--- What you are asked to do ---
Transcribe the line containing "Pristine Chanel 1995" and every line after it, exactly, through the end of the records.

/---

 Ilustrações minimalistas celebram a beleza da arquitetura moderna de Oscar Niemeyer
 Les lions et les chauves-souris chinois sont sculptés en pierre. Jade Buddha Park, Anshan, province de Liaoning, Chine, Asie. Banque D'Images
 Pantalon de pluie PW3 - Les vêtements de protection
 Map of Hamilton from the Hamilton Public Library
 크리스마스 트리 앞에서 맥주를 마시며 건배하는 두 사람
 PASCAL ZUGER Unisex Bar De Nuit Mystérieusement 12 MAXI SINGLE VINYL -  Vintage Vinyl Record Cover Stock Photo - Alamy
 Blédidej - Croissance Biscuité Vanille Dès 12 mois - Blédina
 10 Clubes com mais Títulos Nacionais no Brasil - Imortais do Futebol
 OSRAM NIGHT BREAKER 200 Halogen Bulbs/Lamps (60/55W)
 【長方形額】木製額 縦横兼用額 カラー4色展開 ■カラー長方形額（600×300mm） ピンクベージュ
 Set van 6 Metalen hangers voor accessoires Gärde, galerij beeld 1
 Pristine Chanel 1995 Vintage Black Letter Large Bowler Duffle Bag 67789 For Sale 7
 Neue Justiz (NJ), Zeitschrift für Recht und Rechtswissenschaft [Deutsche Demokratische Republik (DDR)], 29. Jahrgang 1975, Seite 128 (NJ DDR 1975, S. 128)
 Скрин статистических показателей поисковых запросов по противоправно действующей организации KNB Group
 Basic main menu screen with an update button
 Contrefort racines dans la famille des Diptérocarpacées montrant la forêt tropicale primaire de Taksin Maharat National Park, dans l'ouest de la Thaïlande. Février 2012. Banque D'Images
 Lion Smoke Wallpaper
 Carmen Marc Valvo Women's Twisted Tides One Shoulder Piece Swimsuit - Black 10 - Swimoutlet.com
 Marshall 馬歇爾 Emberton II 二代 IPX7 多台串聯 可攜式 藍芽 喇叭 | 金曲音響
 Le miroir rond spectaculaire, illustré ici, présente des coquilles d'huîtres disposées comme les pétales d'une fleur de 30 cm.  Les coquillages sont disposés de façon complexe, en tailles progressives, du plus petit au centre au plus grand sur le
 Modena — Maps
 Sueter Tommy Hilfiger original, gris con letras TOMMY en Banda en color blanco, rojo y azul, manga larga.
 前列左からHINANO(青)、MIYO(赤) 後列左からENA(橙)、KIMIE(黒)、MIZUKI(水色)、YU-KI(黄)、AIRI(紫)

\---

--- Completed exercise ---
 Pristine Chanel 1995 Vintage Black Letter Large Bowler Duffle Bag 67789 For Sale 7
 Neue Justiz (NJ), Zeitschrift für Recht und Rechtswissenschaft [Deutsche Demokratische Republik (DDR)], 29. Jahrgang 1975, Seite 128 (NJ DDR 1975, S. 128)
 Скрин статистических показателей поисковых запросов по противоправно действующей организации KNB Group
 Basic main menu screen with an update button
 Contrefort racines dans la famille des Diptérocarpacées montrant la forêt tropicale primaire de Taksin Maharat National Park, dans l'ouest de la Thaïlande. Février 2012. Banque D'Images
 Lion Smoke Wallpaper
 Carmen Marc Valvo Women's Twisted Tides One Shoulder Piece Swimsuit - Black 10 - Swimoutlet.com
 Marshall 馬歇爾 Emberton II 二代 IPX7 多台串聯 可攜式 藍芽 喇叭 | 金曲音響
 Le miroir rond spectaculaire, illustré ici, présente des coquilles d'huîtres disposées comme les pétales d'une fleur de 30 cm.  Les coquillages sont disposés de façon complexe, en tailles progressives, du plus petit au centre au plus grand sur le
 Modena — Maps
 Sueter Tommy Hilfiger original, gris con letras TOMMY en Banda en color blanco, rojo y azul, manga larga.
 前列左からHINANO(青)、MIYO(赤) 後列左からENA(橙)、KIMIE(黒)、MIZUKI(水色)、YU-KI(黄)、AIRI(紫)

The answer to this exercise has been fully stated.